What you have to do:
Every line holding "Google" should be copied from the records below.

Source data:

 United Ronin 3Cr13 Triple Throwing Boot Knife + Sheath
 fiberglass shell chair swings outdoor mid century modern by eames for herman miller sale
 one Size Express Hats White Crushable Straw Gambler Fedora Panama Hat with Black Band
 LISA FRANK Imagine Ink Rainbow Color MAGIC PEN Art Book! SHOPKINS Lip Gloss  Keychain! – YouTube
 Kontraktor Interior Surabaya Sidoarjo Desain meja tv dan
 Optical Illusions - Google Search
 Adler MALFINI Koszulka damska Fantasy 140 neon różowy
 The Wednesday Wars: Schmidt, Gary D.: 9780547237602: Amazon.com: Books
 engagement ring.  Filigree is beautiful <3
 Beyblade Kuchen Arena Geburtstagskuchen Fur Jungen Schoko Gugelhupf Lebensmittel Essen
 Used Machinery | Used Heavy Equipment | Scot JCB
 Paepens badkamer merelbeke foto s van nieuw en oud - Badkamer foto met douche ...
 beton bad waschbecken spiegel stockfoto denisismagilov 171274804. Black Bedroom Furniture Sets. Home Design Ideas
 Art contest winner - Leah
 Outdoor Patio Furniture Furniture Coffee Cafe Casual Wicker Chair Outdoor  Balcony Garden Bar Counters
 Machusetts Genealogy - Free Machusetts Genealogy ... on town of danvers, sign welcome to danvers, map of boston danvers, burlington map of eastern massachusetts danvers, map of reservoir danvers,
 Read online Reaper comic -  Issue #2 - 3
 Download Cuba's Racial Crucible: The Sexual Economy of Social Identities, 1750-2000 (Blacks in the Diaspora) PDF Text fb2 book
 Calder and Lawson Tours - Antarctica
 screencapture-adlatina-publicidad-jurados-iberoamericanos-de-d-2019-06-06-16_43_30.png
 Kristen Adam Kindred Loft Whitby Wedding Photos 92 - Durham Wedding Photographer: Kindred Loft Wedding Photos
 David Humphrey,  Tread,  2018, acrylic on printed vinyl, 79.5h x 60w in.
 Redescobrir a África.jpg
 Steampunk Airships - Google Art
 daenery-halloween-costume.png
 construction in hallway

Result of this task:
 Optical Illusions - Google Search
 Steampunk Airships - Google Art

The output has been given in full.